Problem requirements ▸
Could you copy, exactly as written, every line from the first line of the records through the one containing "Louis Vuitton Pochette"?

Stored dataset items ▸

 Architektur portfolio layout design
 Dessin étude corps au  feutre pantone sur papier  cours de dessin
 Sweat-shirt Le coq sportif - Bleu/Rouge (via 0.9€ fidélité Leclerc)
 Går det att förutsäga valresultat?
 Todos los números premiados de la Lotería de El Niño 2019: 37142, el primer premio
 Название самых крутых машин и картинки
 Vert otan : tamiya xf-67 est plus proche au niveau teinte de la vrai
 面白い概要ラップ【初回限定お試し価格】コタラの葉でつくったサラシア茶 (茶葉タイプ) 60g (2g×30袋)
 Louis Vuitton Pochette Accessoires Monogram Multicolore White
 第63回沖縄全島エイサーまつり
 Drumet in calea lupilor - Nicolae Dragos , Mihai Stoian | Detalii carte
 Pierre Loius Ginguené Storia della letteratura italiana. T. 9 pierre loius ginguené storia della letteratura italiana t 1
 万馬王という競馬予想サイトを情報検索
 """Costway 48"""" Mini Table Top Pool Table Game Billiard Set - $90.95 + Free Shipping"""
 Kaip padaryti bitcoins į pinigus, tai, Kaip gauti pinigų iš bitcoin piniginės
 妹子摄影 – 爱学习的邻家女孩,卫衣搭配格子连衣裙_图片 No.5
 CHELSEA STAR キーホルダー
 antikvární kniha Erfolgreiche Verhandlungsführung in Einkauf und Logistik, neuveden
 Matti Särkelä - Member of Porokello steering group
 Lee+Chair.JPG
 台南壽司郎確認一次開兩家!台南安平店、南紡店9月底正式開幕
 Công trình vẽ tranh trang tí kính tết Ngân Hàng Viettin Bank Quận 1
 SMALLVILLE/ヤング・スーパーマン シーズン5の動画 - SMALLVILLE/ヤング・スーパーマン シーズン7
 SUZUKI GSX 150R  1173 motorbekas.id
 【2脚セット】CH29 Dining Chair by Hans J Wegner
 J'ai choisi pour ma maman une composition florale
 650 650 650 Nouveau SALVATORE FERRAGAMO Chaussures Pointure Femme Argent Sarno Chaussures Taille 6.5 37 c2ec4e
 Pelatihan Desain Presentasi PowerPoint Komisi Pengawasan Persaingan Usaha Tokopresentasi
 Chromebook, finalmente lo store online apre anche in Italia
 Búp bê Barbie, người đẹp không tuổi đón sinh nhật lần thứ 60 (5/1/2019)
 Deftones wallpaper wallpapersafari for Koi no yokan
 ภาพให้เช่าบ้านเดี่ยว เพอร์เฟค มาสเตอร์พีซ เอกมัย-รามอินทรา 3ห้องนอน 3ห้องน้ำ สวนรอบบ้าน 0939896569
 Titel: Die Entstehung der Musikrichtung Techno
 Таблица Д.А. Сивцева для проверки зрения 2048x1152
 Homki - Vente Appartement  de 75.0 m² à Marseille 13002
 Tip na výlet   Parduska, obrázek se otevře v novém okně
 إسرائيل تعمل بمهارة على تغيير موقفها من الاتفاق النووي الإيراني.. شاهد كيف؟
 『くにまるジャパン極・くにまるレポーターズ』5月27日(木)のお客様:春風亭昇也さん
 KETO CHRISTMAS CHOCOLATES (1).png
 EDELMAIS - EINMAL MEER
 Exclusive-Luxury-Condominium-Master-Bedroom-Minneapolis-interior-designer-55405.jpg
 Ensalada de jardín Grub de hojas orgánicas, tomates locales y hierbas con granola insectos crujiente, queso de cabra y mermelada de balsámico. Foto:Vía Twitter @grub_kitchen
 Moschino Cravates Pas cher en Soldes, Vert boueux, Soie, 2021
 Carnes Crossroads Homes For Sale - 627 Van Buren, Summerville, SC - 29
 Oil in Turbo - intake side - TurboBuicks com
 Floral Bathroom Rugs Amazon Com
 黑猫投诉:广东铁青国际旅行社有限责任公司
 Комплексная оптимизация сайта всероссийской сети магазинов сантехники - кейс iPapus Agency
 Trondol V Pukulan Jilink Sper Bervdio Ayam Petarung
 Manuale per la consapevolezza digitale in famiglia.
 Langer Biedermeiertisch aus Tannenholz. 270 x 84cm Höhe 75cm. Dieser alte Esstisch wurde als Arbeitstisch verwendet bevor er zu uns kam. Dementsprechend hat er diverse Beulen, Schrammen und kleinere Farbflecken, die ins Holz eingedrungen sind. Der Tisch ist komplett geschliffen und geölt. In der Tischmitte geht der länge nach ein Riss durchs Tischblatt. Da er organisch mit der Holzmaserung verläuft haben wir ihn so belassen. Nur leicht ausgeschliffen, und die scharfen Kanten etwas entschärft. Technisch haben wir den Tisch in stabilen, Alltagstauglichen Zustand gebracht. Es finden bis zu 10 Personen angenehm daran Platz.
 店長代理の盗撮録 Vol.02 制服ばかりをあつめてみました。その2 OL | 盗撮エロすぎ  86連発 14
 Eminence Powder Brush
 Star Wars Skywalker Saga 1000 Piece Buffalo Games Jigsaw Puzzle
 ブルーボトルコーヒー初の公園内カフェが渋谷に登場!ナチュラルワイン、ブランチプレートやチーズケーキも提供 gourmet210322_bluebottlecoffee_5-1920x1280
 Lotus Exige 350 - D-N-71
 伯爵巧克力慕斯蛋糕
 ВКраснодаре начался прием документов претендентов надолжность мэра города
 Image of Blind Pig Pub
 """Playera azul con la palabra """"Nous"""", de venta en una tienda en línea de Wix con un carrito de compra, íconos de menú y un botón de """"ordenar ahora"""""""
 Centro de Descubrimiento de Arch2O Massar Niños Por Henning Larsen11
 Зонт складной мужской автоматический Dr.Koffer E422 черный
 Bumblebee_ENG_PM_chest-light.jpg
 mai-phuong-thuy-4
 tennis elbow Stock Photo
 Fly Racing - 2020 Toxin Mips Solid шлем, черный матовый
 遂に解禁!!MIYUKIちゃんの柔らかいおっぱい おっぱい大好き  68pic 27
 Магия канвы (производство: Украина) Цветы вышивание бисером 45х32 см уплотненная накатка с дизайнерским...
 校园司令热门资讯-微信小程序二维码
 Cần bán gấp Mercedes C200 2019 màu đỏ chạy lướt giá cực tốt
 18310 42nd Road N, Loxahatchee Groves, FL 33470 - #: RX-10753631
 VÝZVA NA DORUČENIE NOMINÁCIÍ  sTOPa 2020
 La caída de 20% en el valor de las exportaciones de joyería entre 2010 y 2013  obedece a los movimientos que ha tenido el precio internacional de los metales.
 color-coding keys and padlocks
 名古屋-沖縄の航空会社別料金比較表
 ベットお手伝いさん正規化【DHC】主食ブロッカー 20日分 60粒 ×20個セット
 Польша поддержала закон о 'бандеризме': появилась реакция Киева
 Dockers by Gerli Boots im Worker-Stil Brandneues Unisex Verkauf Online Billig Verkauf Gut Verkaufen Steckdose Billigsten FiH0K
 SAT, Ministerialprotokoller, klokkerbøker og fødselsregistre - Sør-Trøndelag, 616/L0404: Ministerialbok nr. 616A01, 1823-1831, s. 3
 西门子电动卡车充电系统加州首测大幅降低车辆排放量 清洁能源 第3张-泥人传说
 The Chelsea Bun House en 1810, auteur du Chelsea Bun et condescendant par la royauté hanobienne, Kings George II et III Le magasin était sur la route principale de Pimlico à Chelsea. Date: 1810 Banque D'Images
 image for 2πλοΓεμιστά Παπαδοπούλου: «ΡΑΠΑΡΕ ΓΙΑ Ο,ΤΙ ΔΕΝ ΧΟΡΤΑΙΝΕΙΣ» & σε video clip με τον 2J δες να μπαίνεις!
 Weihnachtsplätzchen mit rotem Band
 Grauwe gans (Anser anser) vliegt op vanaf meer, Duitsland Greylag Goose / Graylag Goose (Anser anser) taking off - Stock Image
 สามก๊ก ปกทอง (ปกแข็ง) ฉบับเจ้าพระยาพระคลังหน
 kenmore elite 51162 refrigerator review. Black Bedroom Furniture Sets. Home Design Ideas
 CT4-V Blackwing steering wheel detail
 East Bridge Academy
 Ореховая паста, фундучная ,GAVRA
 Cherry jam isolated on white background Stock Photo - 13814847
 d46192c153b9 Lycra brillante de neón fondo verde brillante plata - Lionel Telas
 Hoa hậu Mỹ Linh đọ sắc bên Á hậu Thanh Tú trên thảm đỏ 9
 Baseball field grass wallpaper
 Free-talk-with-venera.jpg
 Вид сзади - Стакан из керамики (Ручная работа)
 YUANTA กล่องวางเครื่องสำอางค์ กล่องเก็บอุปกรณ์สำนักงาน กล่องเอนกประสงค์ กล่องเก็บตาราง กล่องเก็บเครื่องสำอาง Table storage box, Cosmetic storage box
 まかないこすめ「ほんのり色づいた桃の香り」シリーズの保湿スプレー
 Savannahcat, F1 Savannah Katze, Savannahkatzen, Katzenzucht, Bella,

Solution to this exercise ▸
 Architektur portfolio layout design
 Dessin étude corps au  feutre pantone sur papier  cours de dessin
 Sweat-shirt Le coq sportif - Bleu/Rouge (via 0.9€ fidélité Leclerc)
 Går det att förutsäga valresultat?
 Todos los números premiados de la Lotería de El Niño 2019: 37142, el primer premio
 Название самых крутых машин и картинки
 Vert otan : tamiya xf-67 est plus proche au niveau teinte de la vrai
 面白い概要ラップ【初回限定お試し価格】コタラの葉でつくったサラシア茶 (茶葉タイプ) 60g (2g×30袋)
 Louis Vuitton Pochette Accessoires Monogram Multicolore White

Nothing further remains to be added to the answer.